EXERCISE OBJECTIVE> An exact transcription is needed of the lines below from the one with "Belkin Power Strip" through the one with "How To Find", with no other lines and no pictures.

GIVEN DATA>
= Beginning of Section =

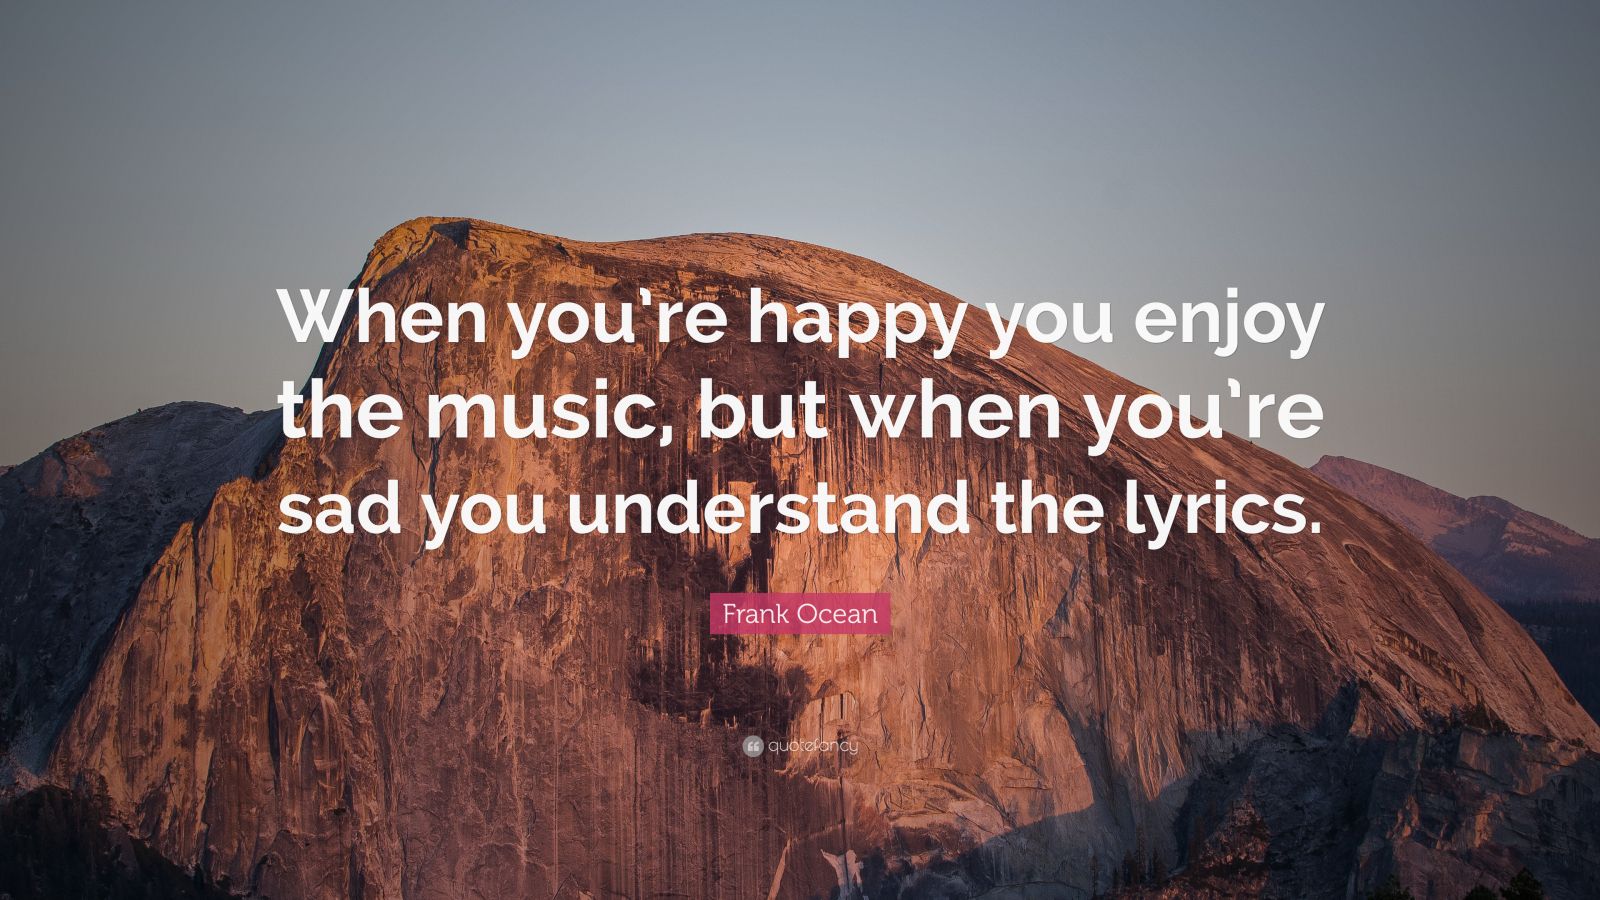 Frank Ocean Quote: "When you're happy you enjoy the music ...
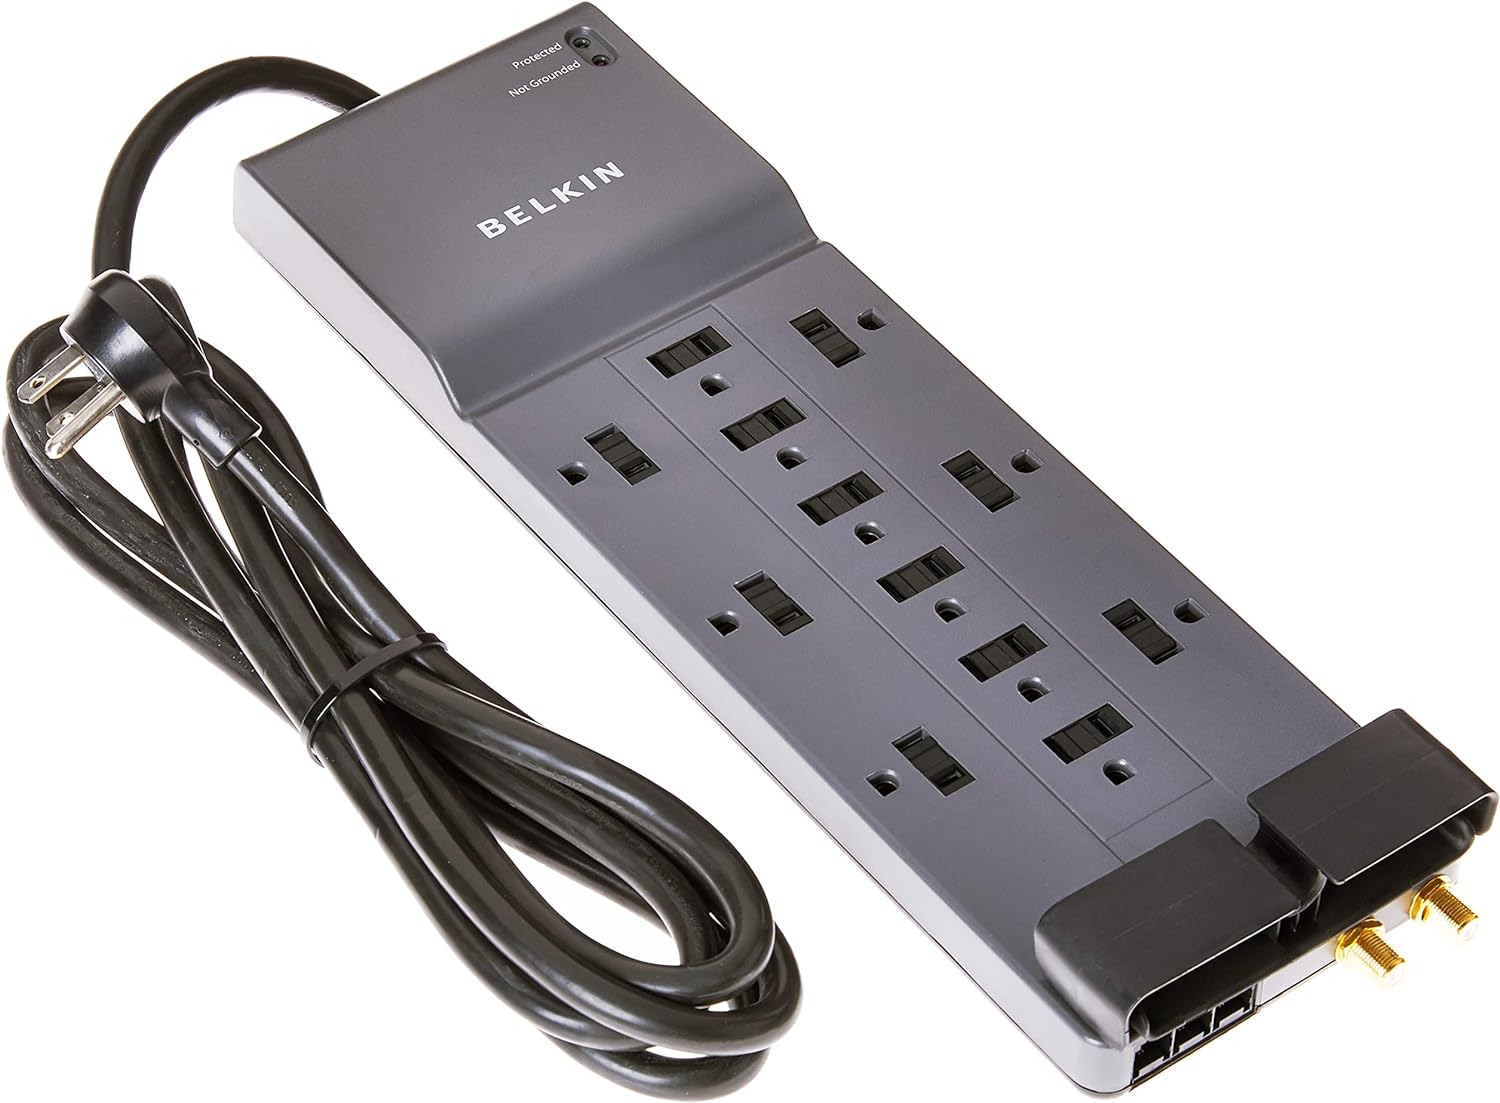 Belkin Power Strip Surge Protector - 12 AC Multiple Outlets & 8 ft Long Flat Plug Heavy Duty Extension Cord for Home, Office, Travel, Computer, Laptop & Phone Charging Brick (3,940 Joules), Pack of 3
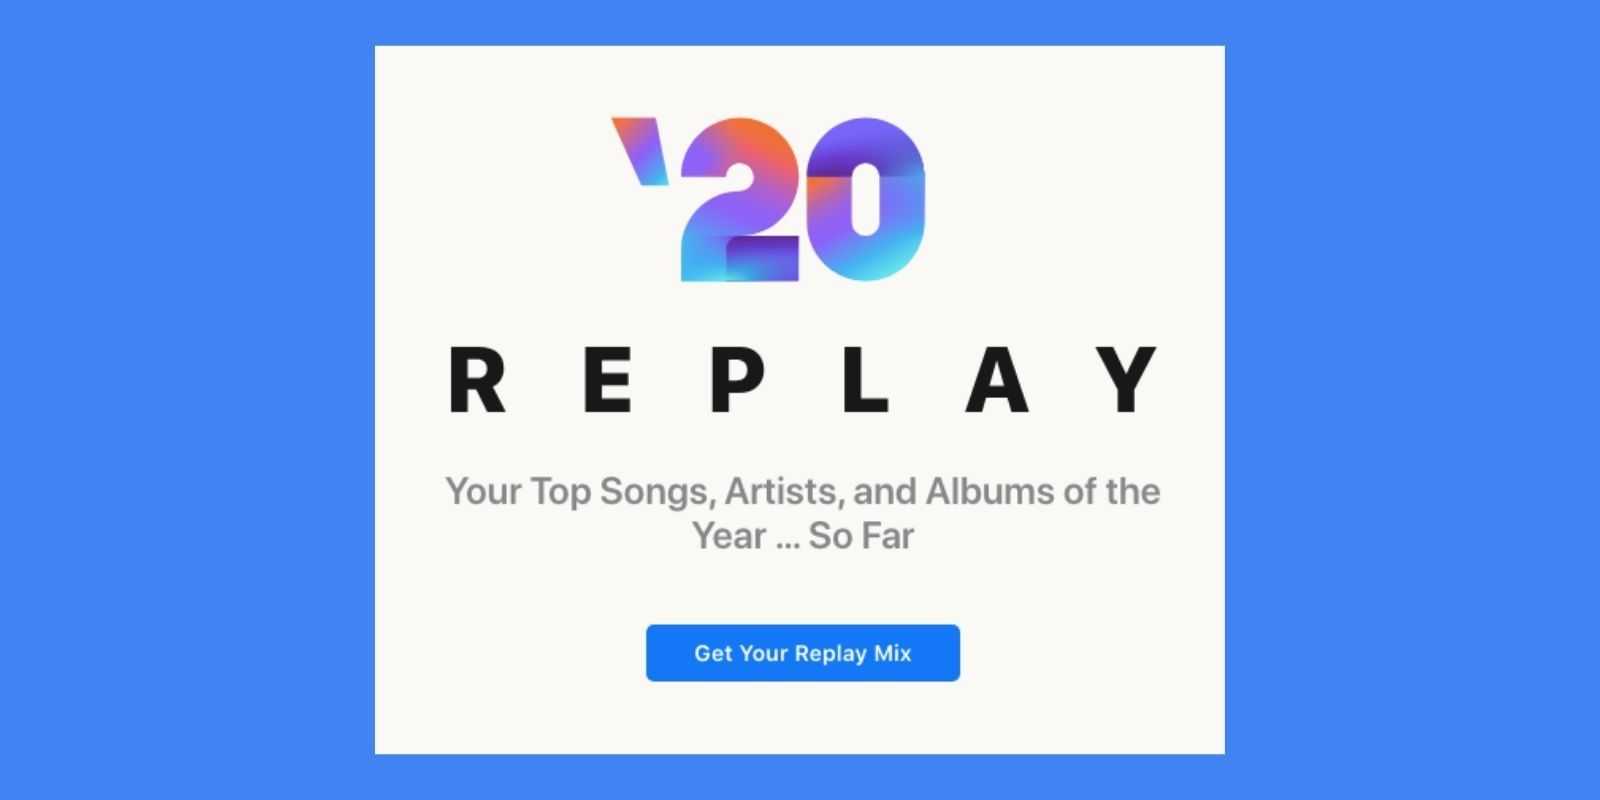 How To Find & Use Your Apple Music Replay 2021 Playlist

= End of Section =
= Beginning of Section =

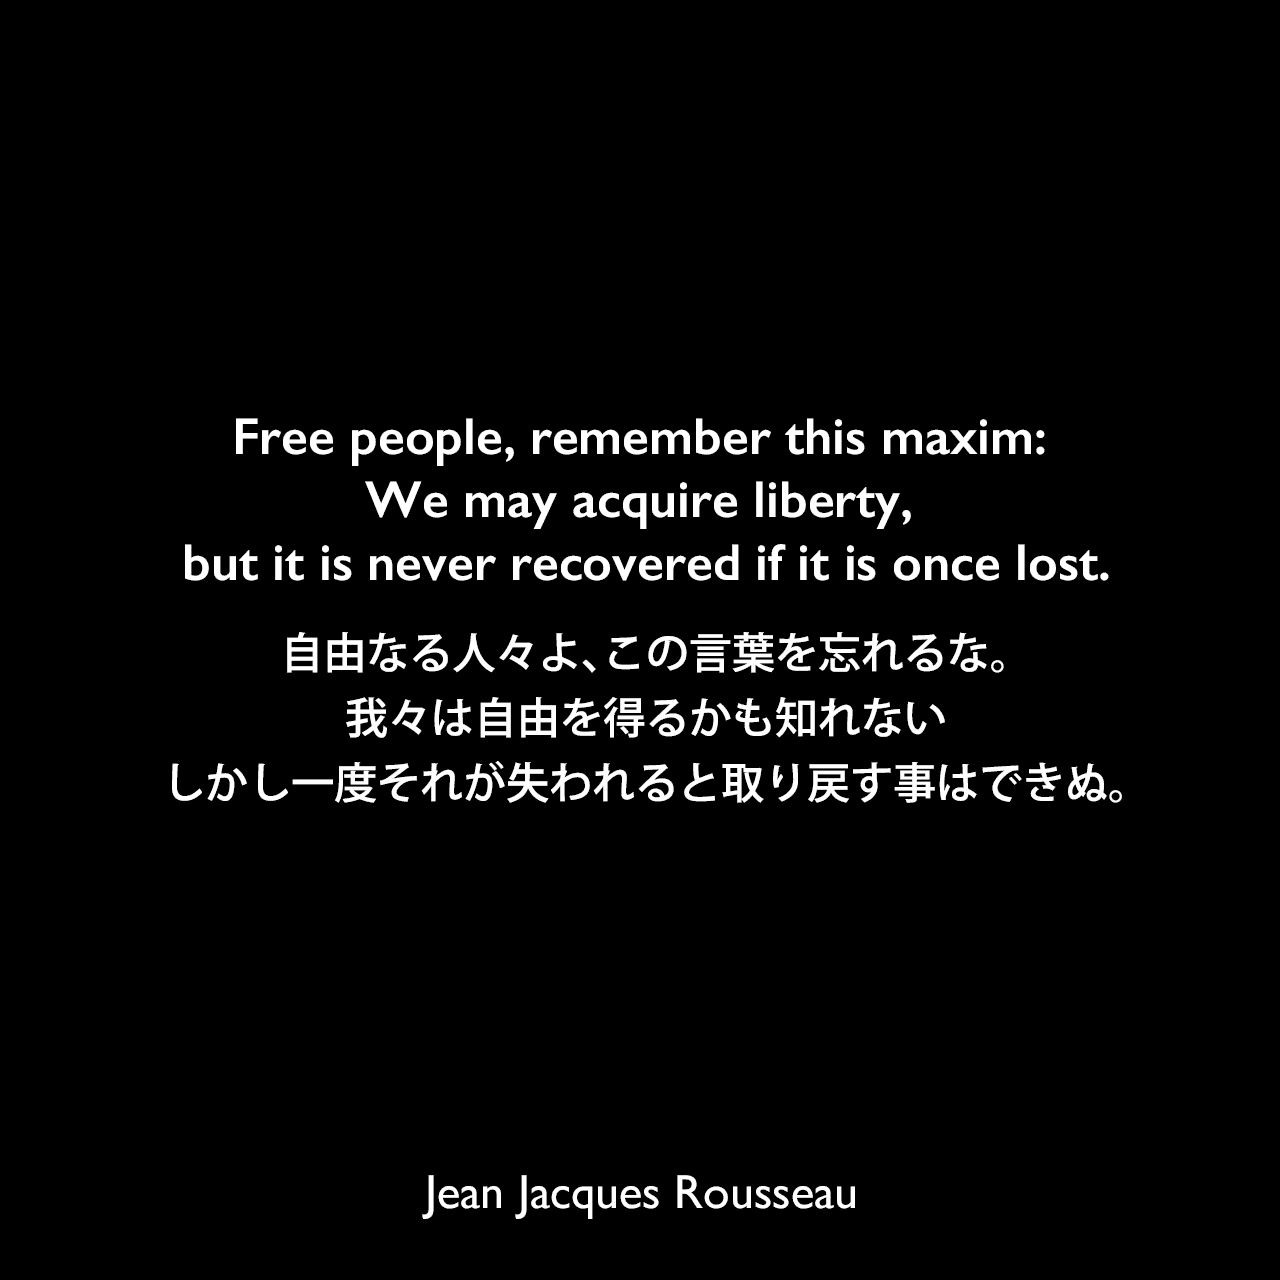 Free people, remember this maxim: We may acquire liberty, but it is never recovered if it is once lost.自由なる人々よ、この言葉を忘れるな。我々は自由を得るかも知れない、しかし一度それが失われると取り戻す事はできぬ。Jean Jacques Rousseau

= End of Section =
= Beginning of Section =

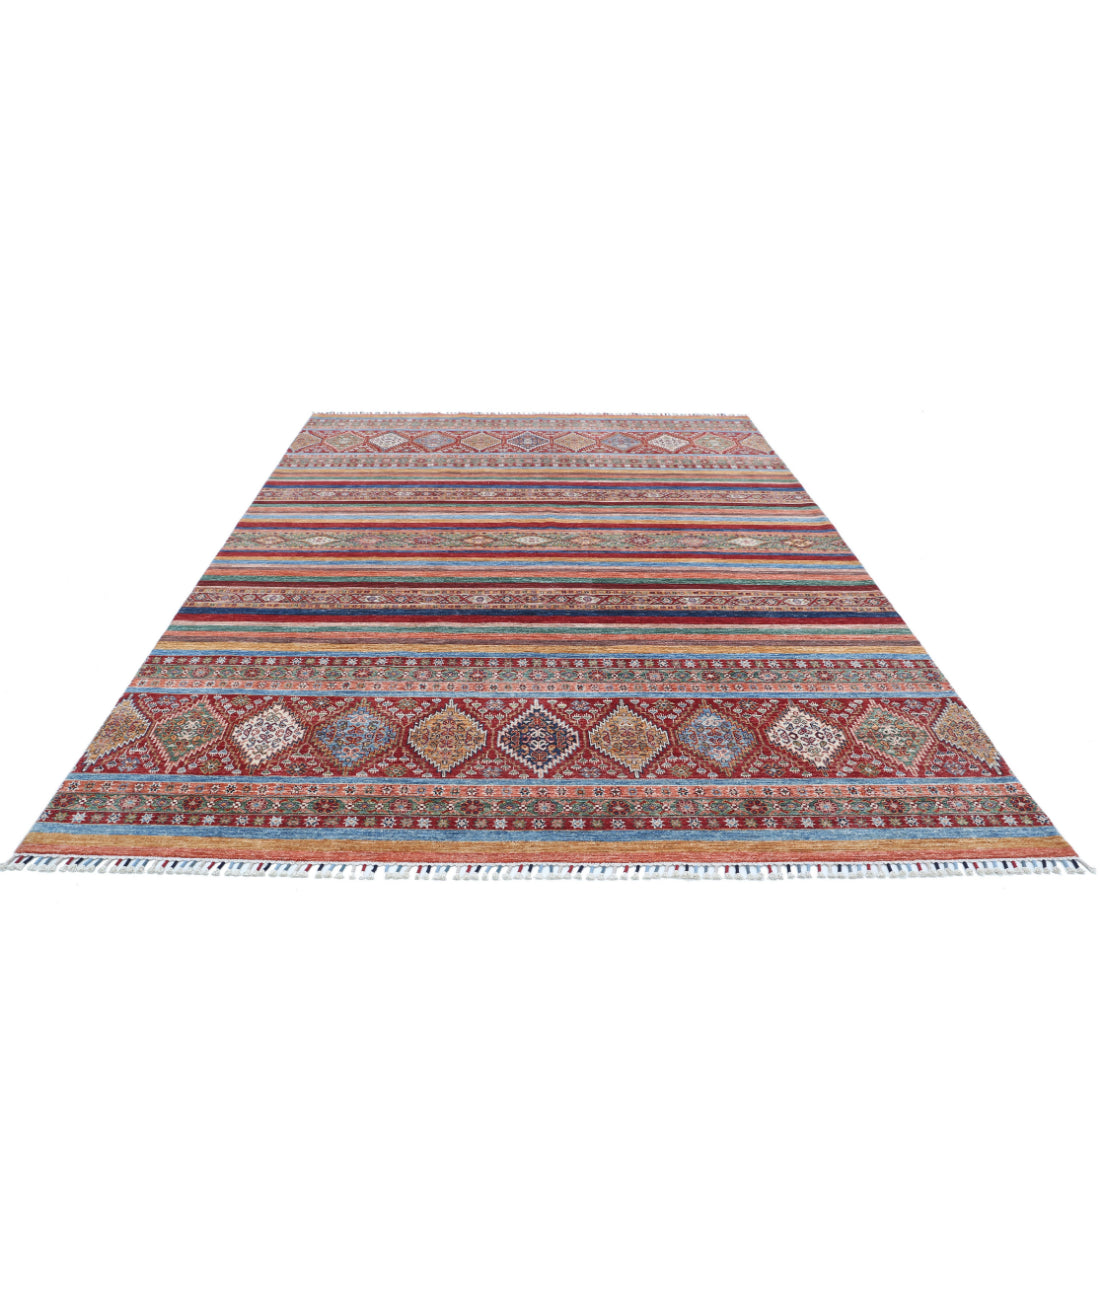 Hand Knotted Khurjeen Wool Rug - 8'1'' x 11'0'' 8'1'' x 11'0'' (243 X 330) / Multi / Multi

= End of Section =

EXERCISE OUTPUT>
 Belkin Power Strip Surge Protector - 12 AC Multiple Outlets & 8 ft Long Flat Plug Heavy Duty Extension Cord for Home, Office, Travel, Computer, Laptop & Phone Charging Brick (3,940 Joules), Pack of 3
 How To Find & Use Your Apple Music Replay 2021 Playlist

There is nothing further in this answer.